In 1451, Esen reached the height of his power when he defeated the emperor of the Northern Yuan Dynasty Tayisung Khan Toghtoa Bukha. The latter was assassinated in 1452. In 1453 he had himself proclaimed khagan of the dynasty and already intended to transfer that title to his son Amasanj. This was unacceptable to a large majority of Mongolians. Esen could not claim direct descent from Genghis Khan. This eventually led to a revolt by some of his generals and to the assassination of Esen in 1455.

After his death, the empire he created fell apart again. The eastern Mongols under Dayan Khan inflicted several heavy defeats on the Oirats in the early 16th century. It would take until the 17th century before one of the Oirats” tribes, the Dzhungars, became a factor of significance again.From 1600 onwards, the Oirats fought a battle of over half a century with the Altyn Khan.

Traditionally, the Oirats were divided into four tribes: Dörbet, Torgut, Khoshut and Dzhungars. All four tribes converted to Tibetan Buddhism during the 16th century.

From that time on, it became the custom among Mongolian nobility to send at least one son for study to Tibet and perhaps become a monk. Several decades later, one of those sons was Zaya Pandita (1599-1662), a prince from the tribe of the Khoshut. After studying in Tibet, he left again for the Mongolian area.

He had been one of the initiators of the last great meeting of virtually all Mongolian tribes in 1640. The purpose of the meeting was to create a great pan-Mongol federation that would present a united front against external enemies such as Russia and the Manchus. It was the last time the idea of the renewed creation of one great Mongolian nation was discussed. The eternal tribal conflict between the various Mongolian tribal federations made the attempt unrealistic beforehand.

After 1640, Zaya Pandita focused primarily on missionary work among the Oirats. He developed a system of writing for them, the Oiratic script, and managed to translate about 200 more canonical writings into Oiratic before his death.
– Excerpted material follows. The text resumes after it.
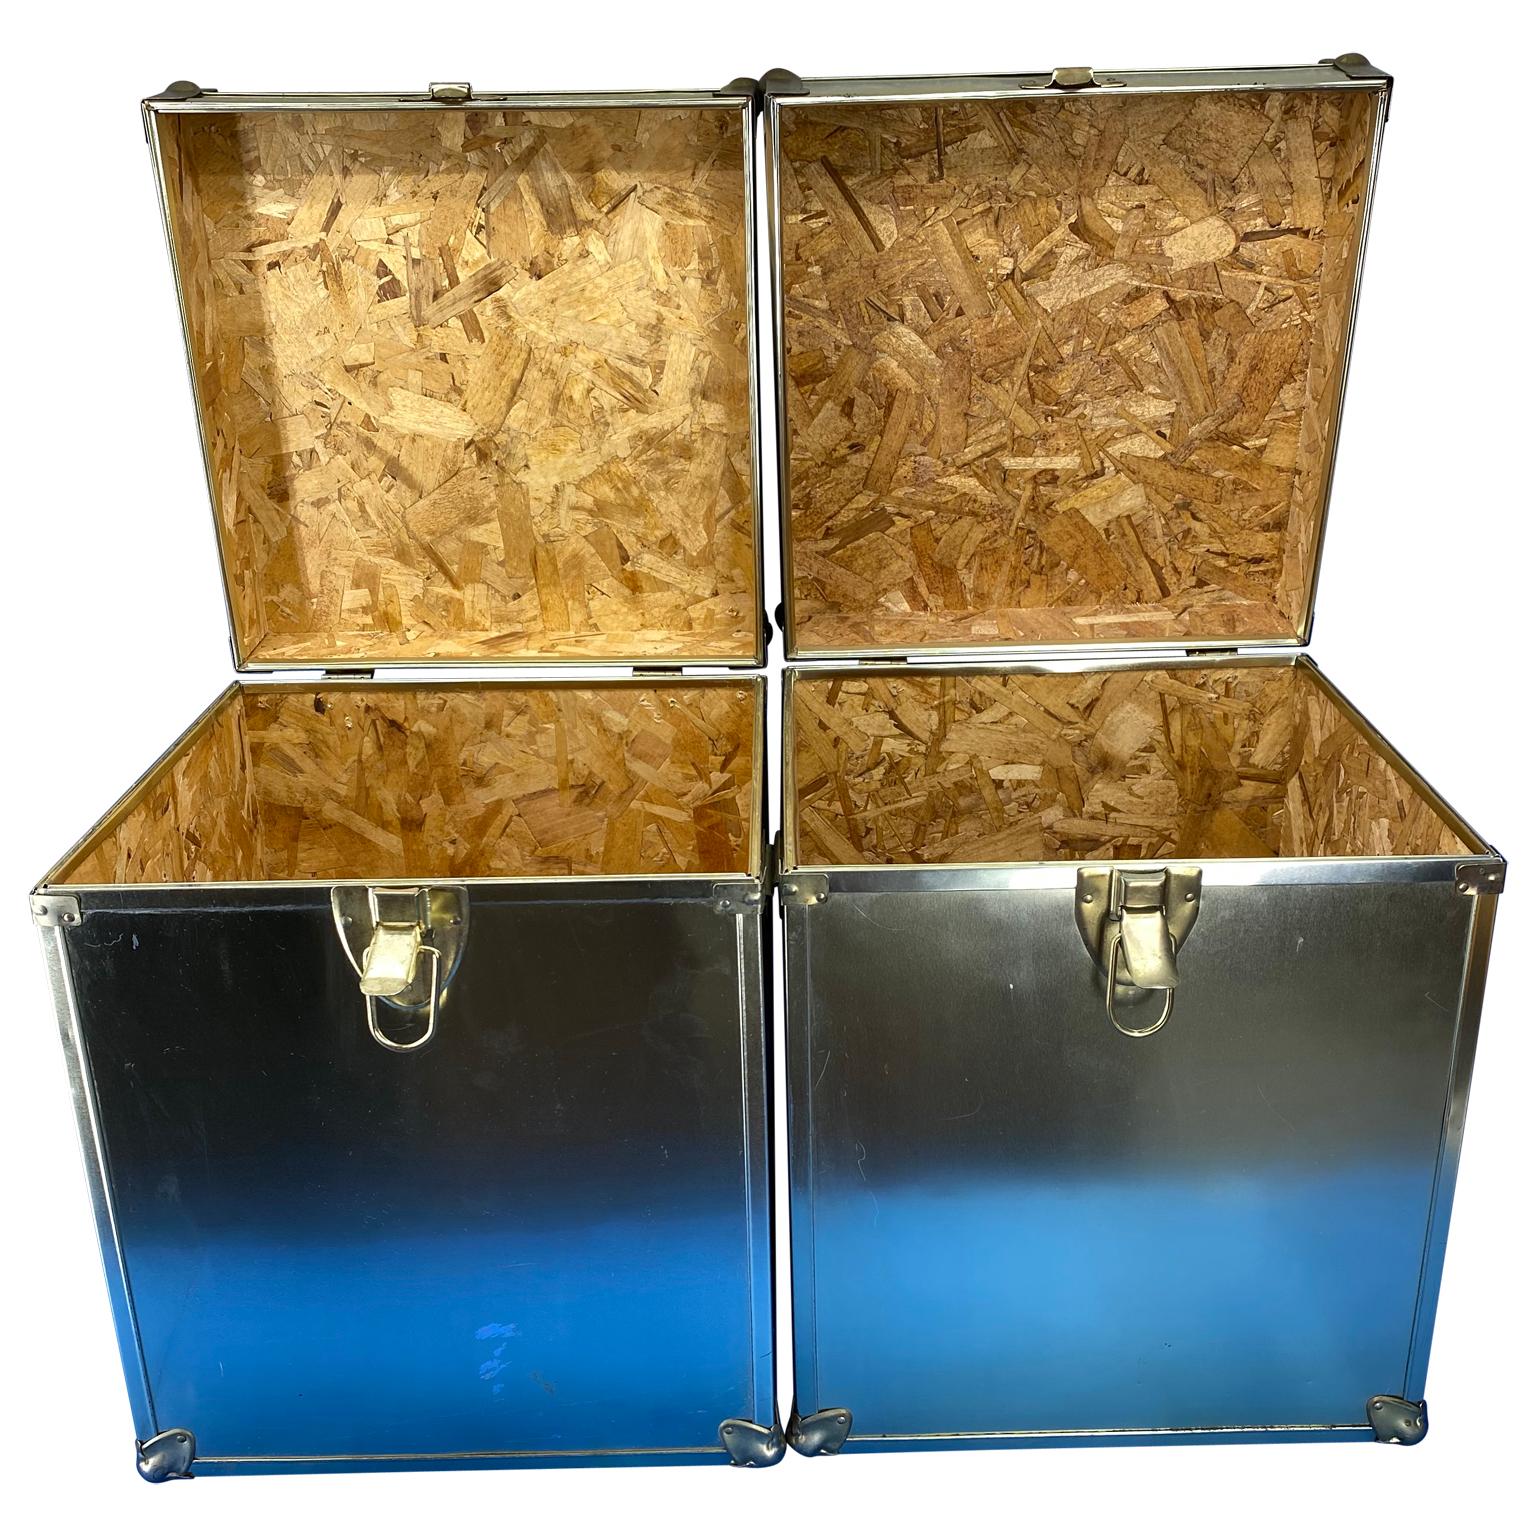 North American Pair Of Cedar Wood Inserted Boxes For Storage Or Chrome Side Tables

In the first half of the 17th century there was a decades-long civil war in Tibet. In it, the Dalai Lama”s gelug tradition was several times on the verge of almost total elimination. With the help of military intervention by Güshri Khan of the Khoshut Mongols, the gelug finally managed to achieve victory in that civil war around 1642. That was the start of the period of gelug dominance, which would last in historic Tibet until 1950. As a result of that intervention and the role that the Khoshut would then play in Tibet, in the decades following 1642 about 100,000 Khoshut migrated to the Kokonor area.

In the early 18th century, Tibet became a battleground for internal strife among the tribes of the Oirat Federation. A period of rule by Lhabzang of the Khoshut over Tibet was violently ended by Tsewang Rabtan of the Dzhungars. At the point when the Chinese emperor began to see this as a threat to the security of the empire, it resulted in Tibet effectively becoming a Chinese protectorate from 1720.
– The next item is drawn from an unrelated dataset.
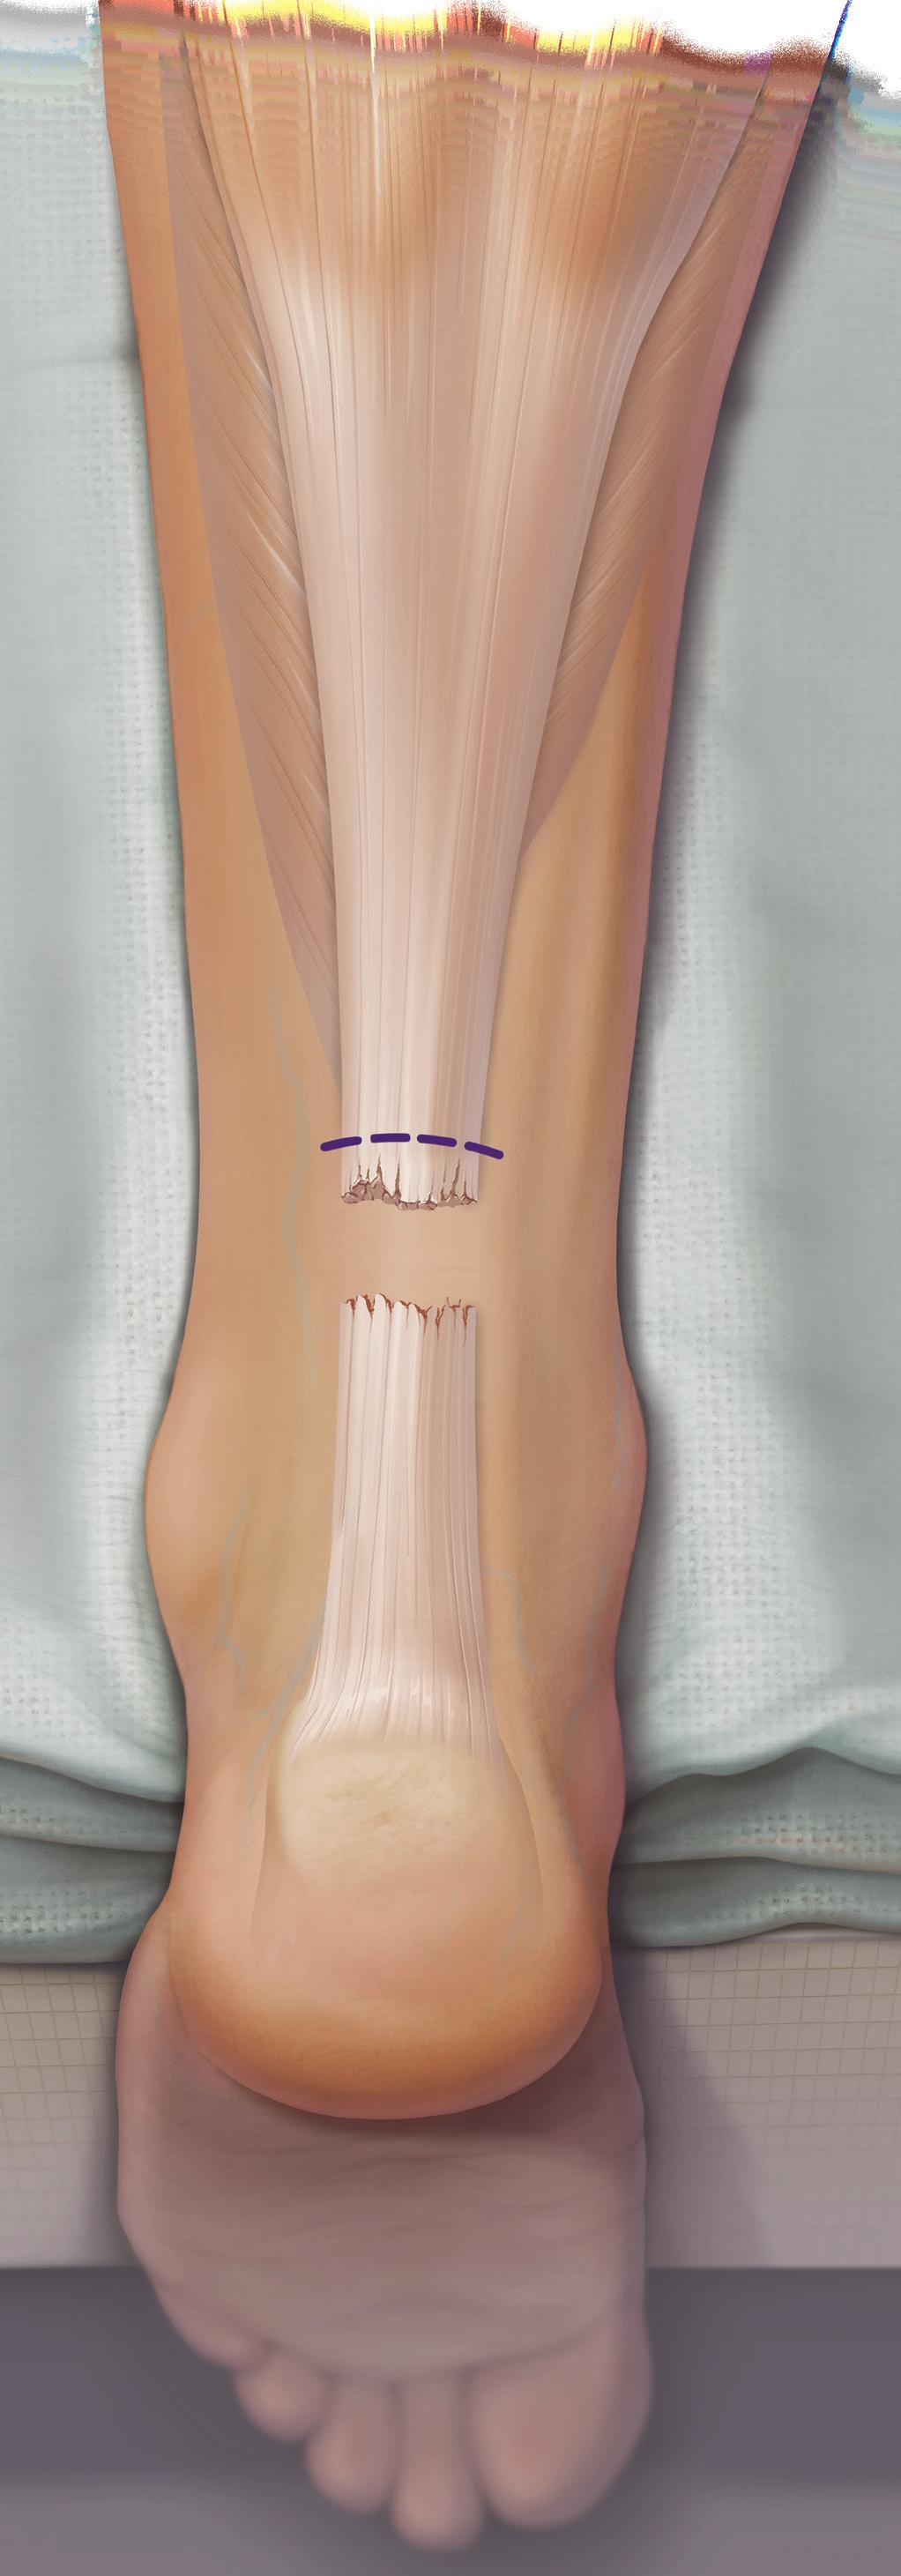 The PARS system provides the opportunity for consistently reliable capture of the proximal and distal aspects of the Achilles tendon and utilizes color-coded FiberWire suture.

However, the four tribes of the Oirats also had major rivalries among themselves earlier, for example over ownership and use of grazing land.

In 1630, almost the entire tribe of the Torgut under the leadership of Kho Urluk (?-1644) decided to migrate to the area of the Volga Delta and was followed by a considerable part of the Dörbet. There was evident dissatisfaction among the Oirat tribes with the attempts by Khara Khula of the tribe of the Dzhungars to gain complete political and military control of the tribal federation.

An important reason probably also lay in the desire to obtain uncontested grazing land. The territory of the Torgut was increasingly hemmed in by increasing influence of Russians to the north, Kazakhs to the south, and that of Dzhungars to the east. It is also possible that the Torgut, in particular, were no longer willing to participate in the ongoing military power struggle between eastern and western Mongols that had resurfaced in the early 17th century.

Most settled in the area that originally belonged to the Nogai Horde, which was expelled. In the 18th century, under their greatest leader Ayuki Khan (1669-1724), they controlled a territory of over 600,000 km² in the steppes north of the Caspian Sea.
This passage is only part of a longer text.